Material for this exercise Start Marker
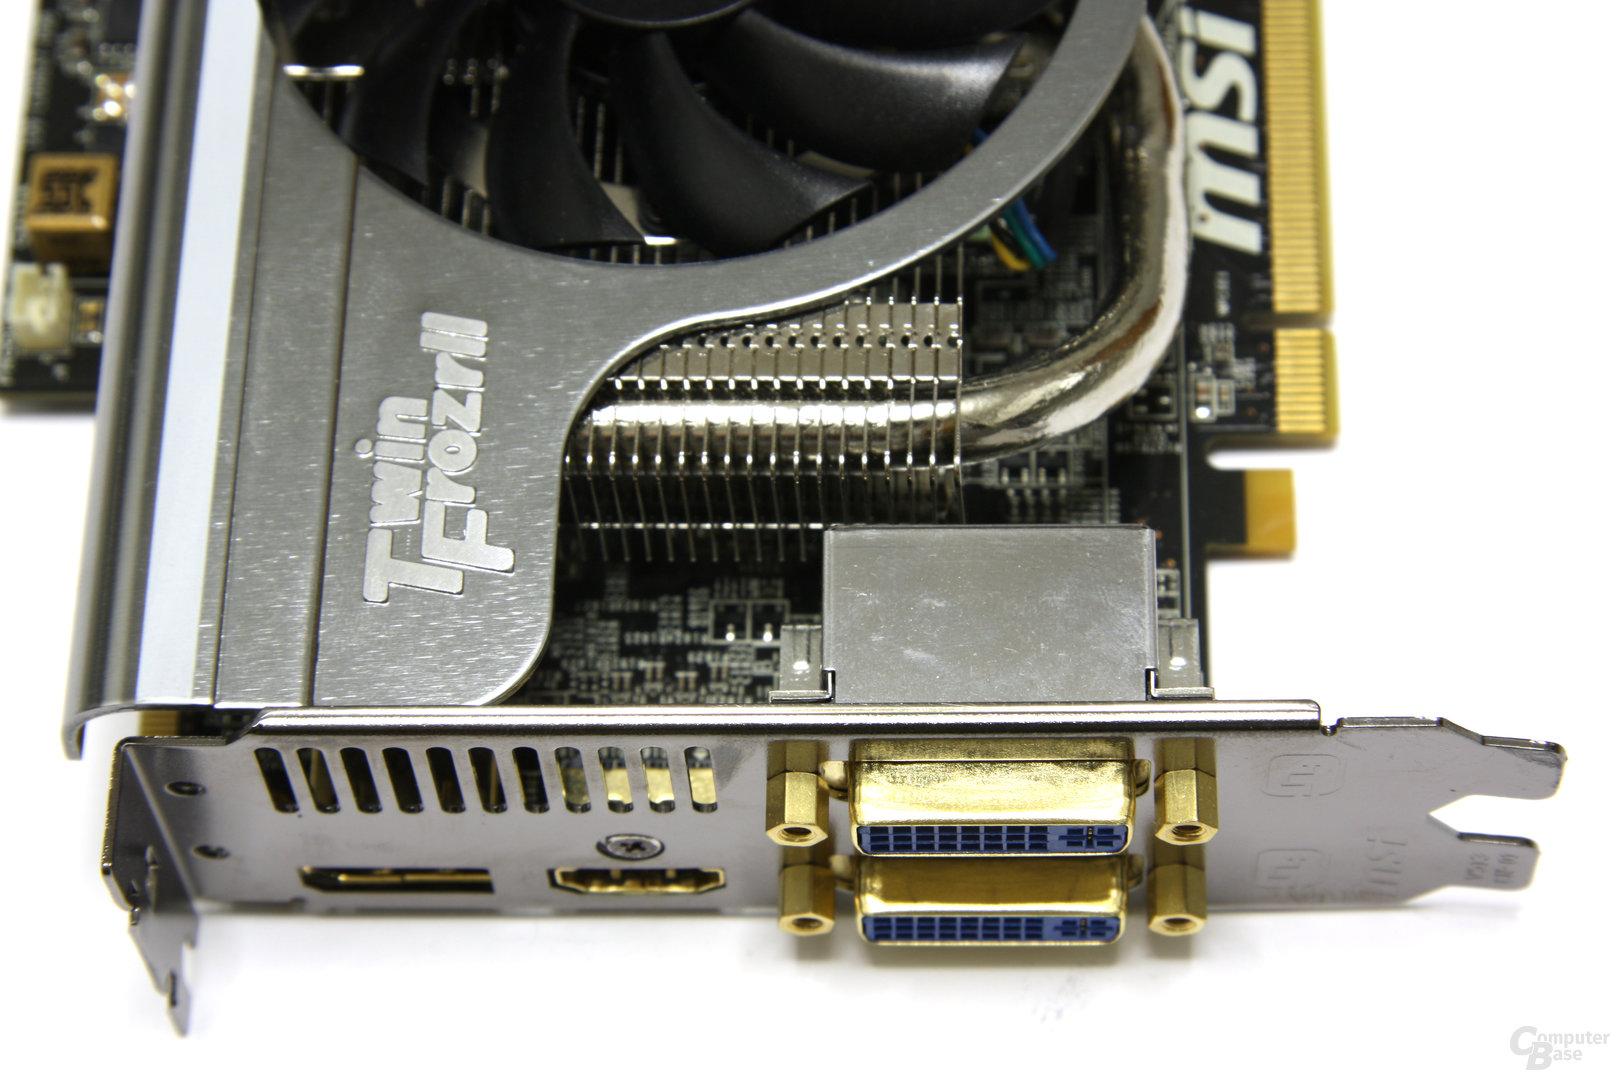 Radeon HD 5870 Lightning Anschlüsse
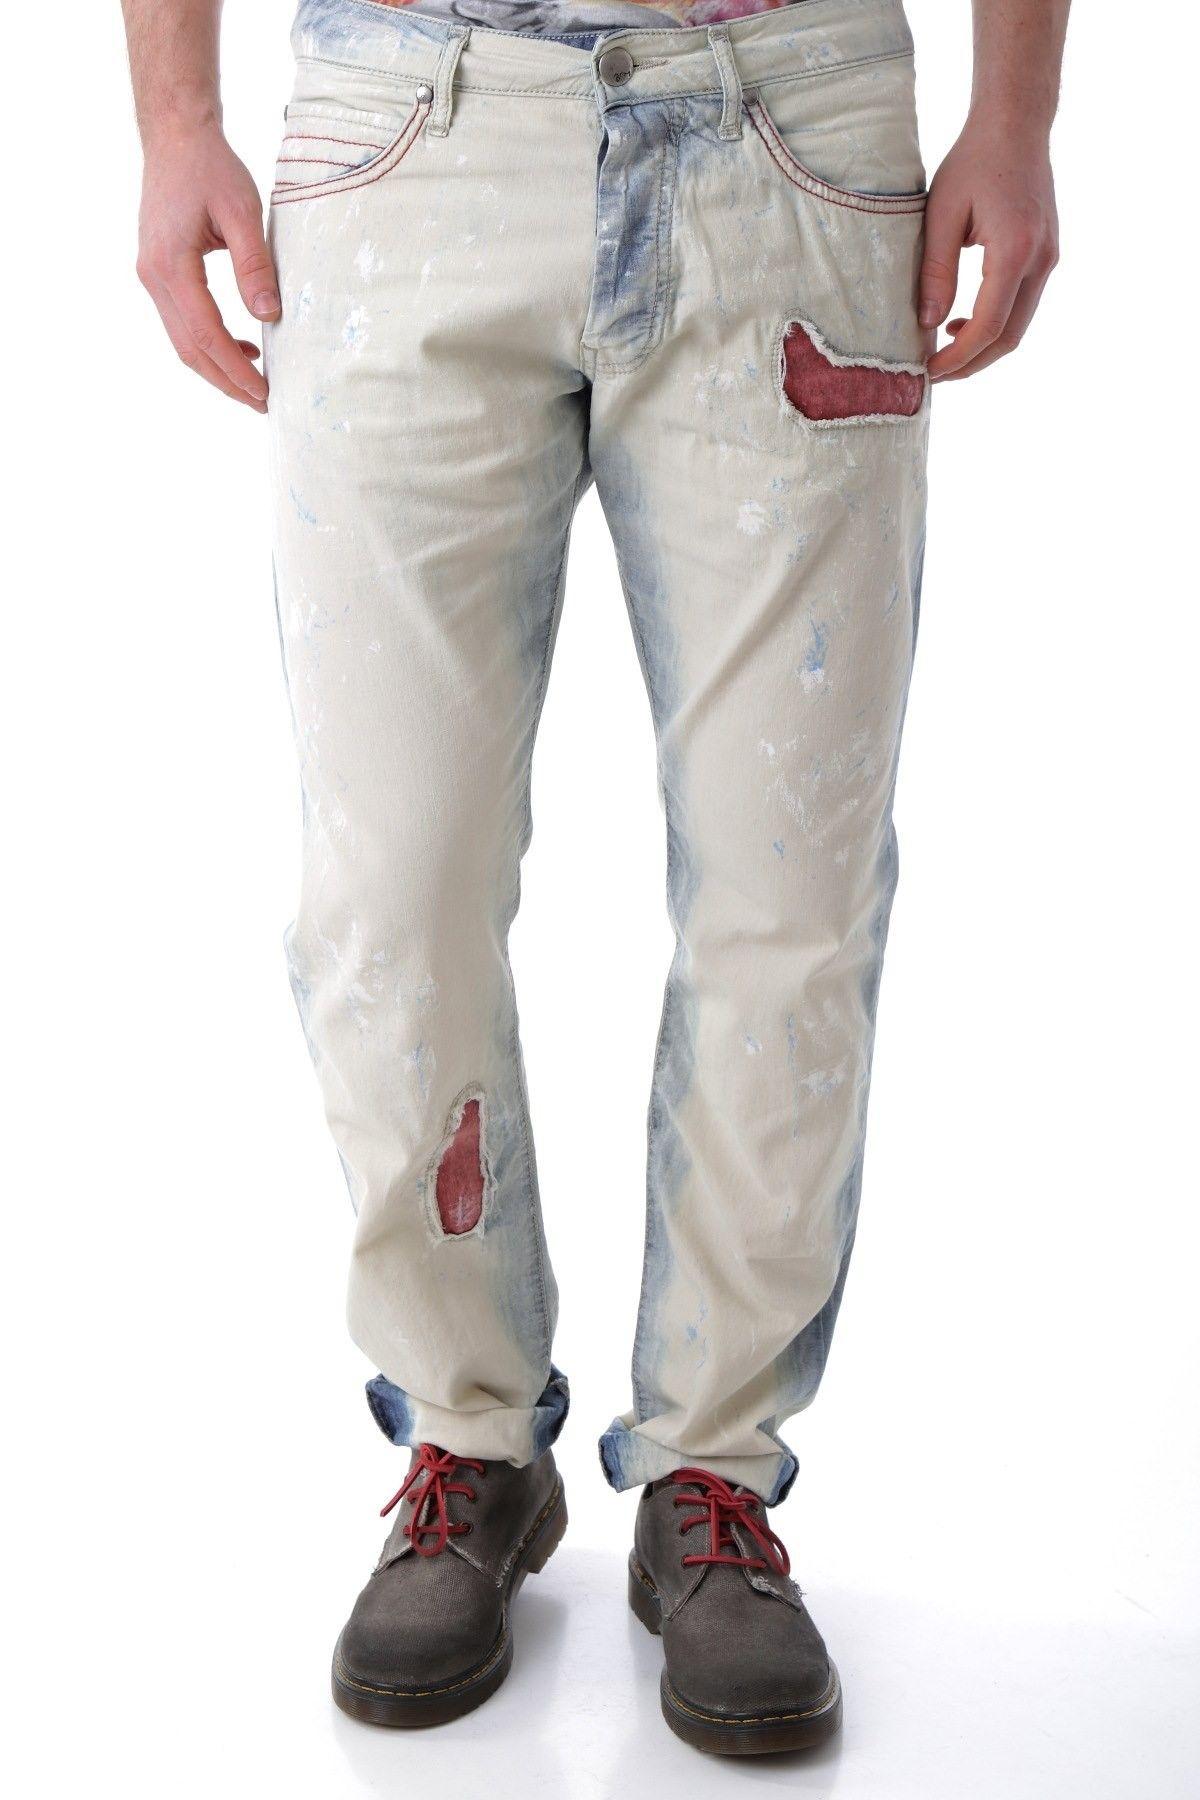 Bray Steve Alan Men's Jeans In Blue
Material for this exercise End Marker
Material for this exercise Start Marker
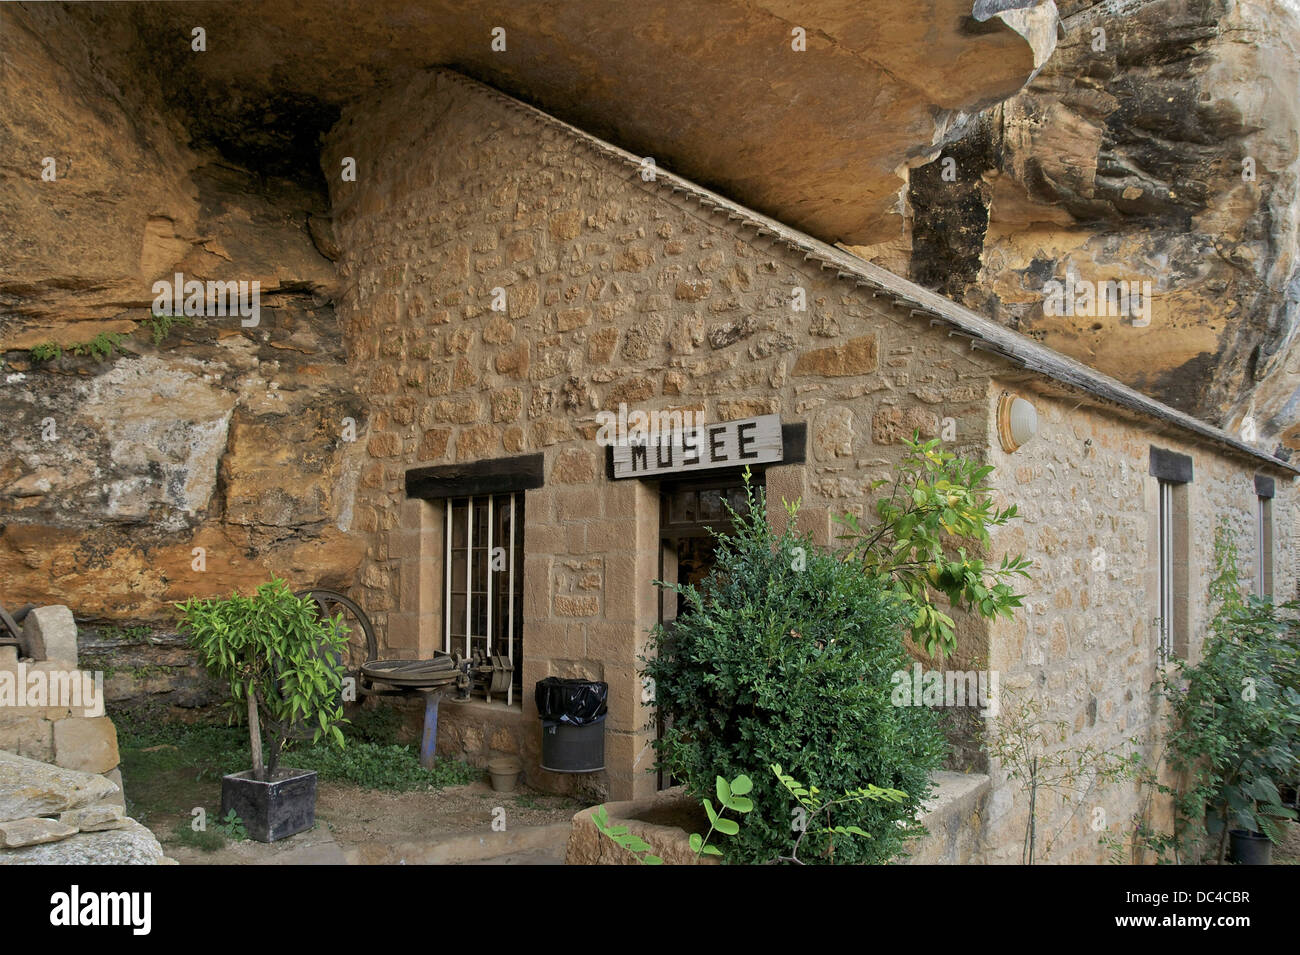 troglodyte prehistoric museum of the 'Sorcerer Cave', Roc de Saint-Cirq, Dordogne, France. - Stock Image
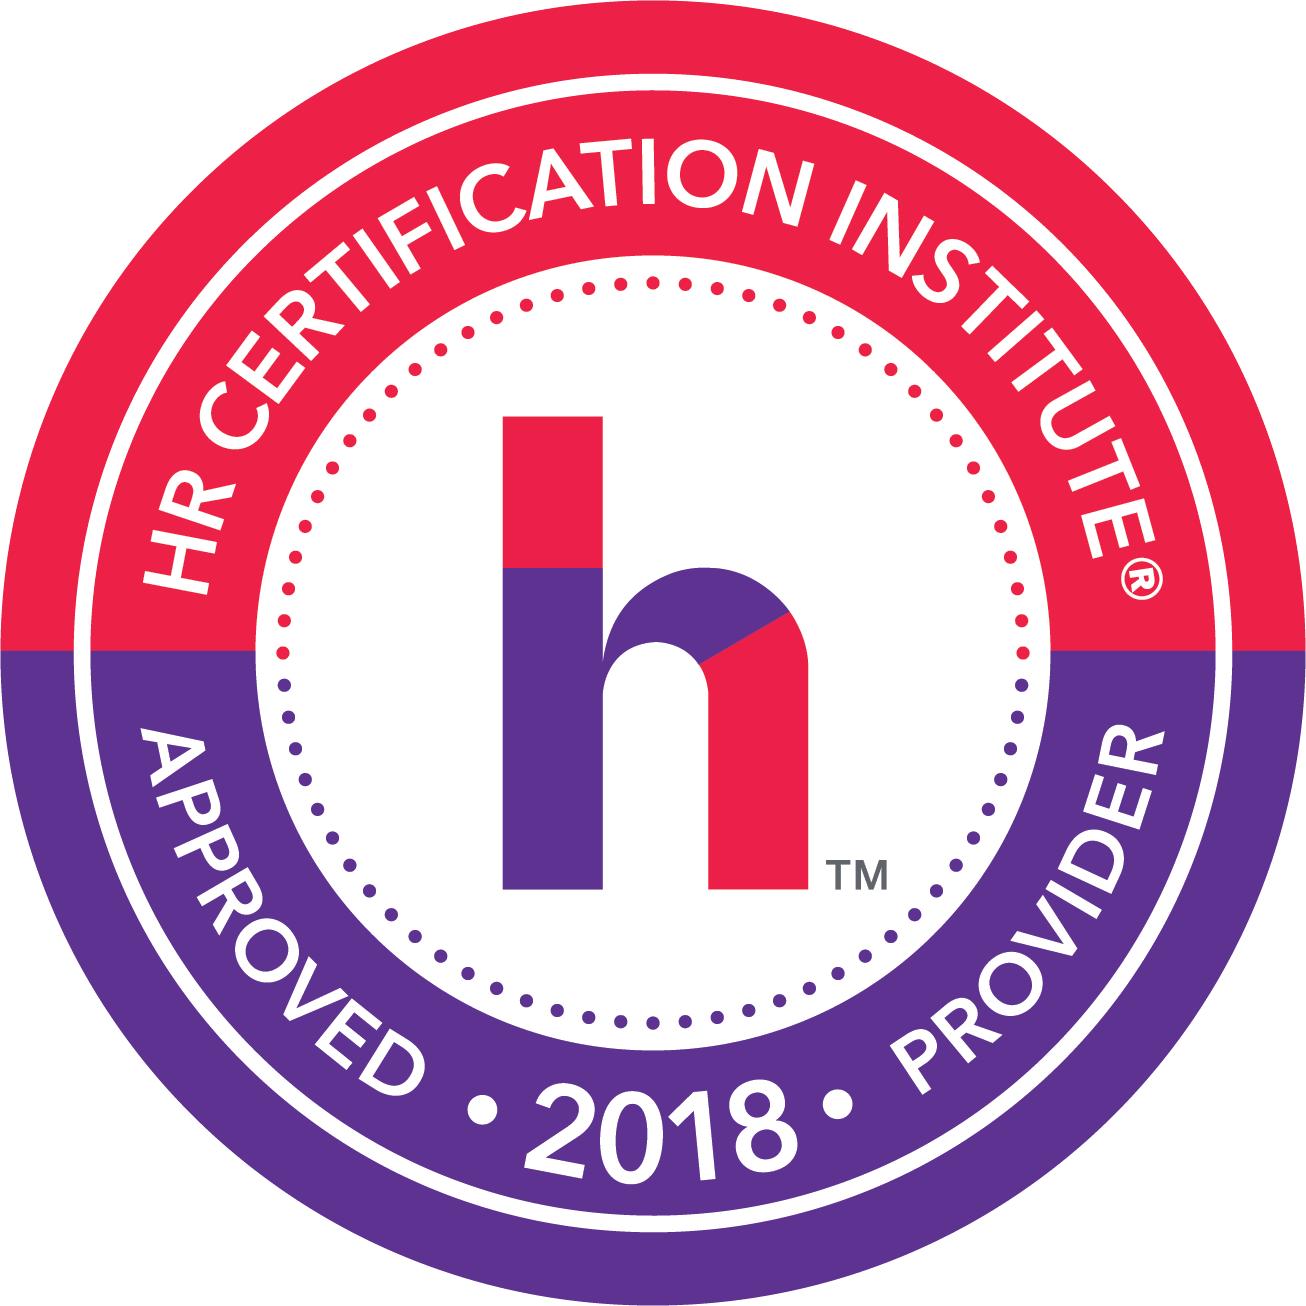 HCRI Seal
Material for this exercise End Marker
- **Exercise directions**: In the records above, everything from the line with "Radeon HD 5870 Lightning Anschlüsse" down to the line with "Bray Steve Alan Men's Jeans In Blue" is to be set down exactly, both ends included, with no pictures and no other lines.

- **Your solution**:
 Radeon HD 5870 Lightning Anschlüsse
 Bray Steve Alan Men's Jeans In Blue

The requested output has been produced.